The aortic valve opens and closes to allow blood to flow out of the heart to the rest of the body. Heart valve stenosis, or aortic stenosis, occurs when the aortic valve becomes blocked and cannot fully open. The narrowed valve has to work harder to pump blood throughout the body, which can lead to unpleasant symptoms. Aortic regurgitation occurs when the aortic valve does not close completely after each heartbeat, which results in blood leakage. Both heart problems can occur alone or simultaneously, and symptoms range from mild to more severe. Heart valve stenosis and regurgitation can be congenital heart defects that are present at birth, or they can develop over time.

  • Symptoms

    Aortic valve stenosis and aortic regurgitation share similar symptoms, including:

    • Chest pain
    • Fainting or dizziness
    • Fatigue
    • Heart palpitations
    • Shortness of breath, whether during activity or at rest
    • Weakness with activity

    Adults with aortic stenosis may also experience a bloody cough and tight chest pains that worsen with activity. Those with aortic regurgitation could have additional symptoms, including a strong, throbbing heartbeat, a rapid pulse and swelling in the legs, feet and abdomen.

  • Prevention

    Some cases of stenosis and regurgitation are congenital, meaning they exist at birth and cannot be prevented.
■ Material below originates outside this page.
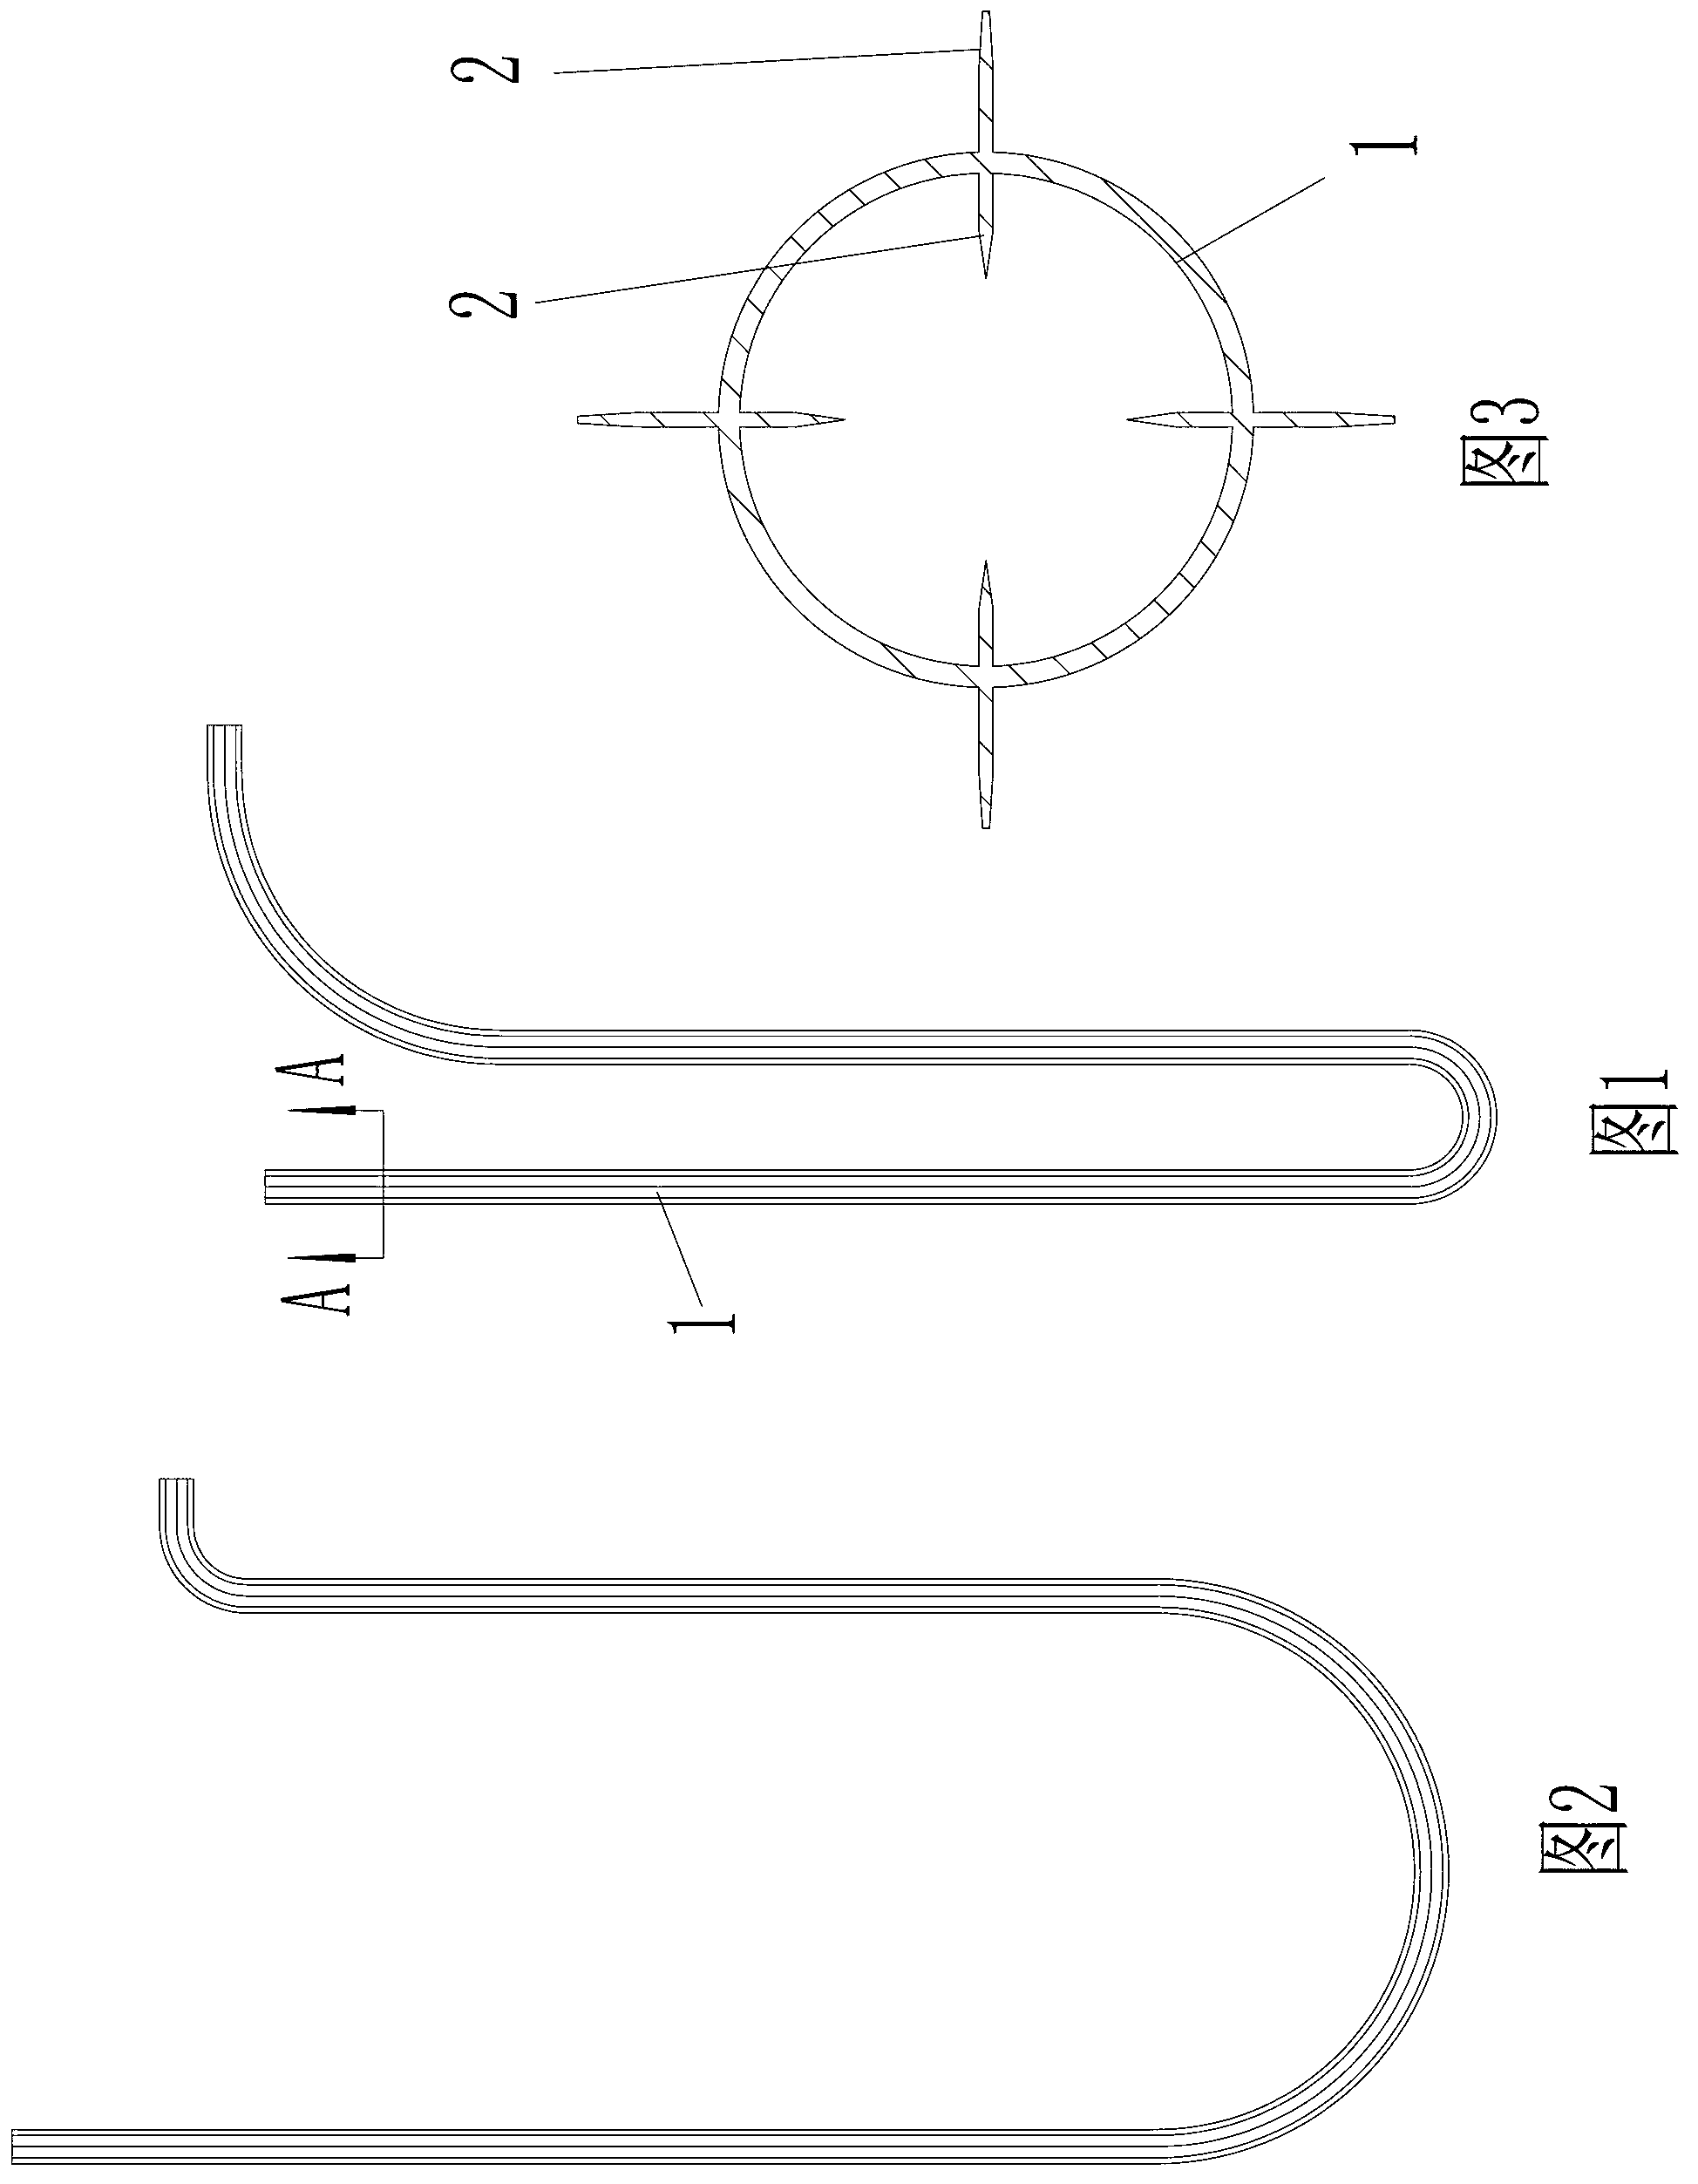 Heat conduction pipe of waste gas and waste fluid waste heat recovery device

For other cases, the following steps could keep you from developing either heart problem:

    • Make heart health a priority. This includes daily exercise, controlling high blood pressure and cholesterol, and quitting smoking.
    • Treat infections properly. Untreated gum infections and rheumatic fever could lead to stenosis or regurgitation later in life. Taking antibiotics for onset of rheumatic fever or gum disease could prevent developing either heart condition.
  • Risk Factors

    • Heart valve stenosis and regurgitation can be present at birth, or they can develop over time.
    • History of rheumatic fever
    • Older age, which leads to wear and tear of the valves
  • Diagnosis

    Aortic Valve Stenosis

    • Clinical examination. Your healthcare provider may use a stethoscope to check for a heart murmur and any abnormal sounds. The provider may also check for a faint pulse and low blood pressure.
    • Transthoracic echocardiogram (TTE). This is the most common test to detect aortic stenosis. An instrument is placed on parts of the chest and upper abdomen to pick up sound waves. These sound waves are translated into images of the heart valve and other structures. Your provider can see any abnormalities with the heart.
    • Other heart tests. Your physician may order other tests to help with diagnosis, including an electrocardiogram, exercise stress testing, a heart MRI or transesophageal echocardiogram (TEE).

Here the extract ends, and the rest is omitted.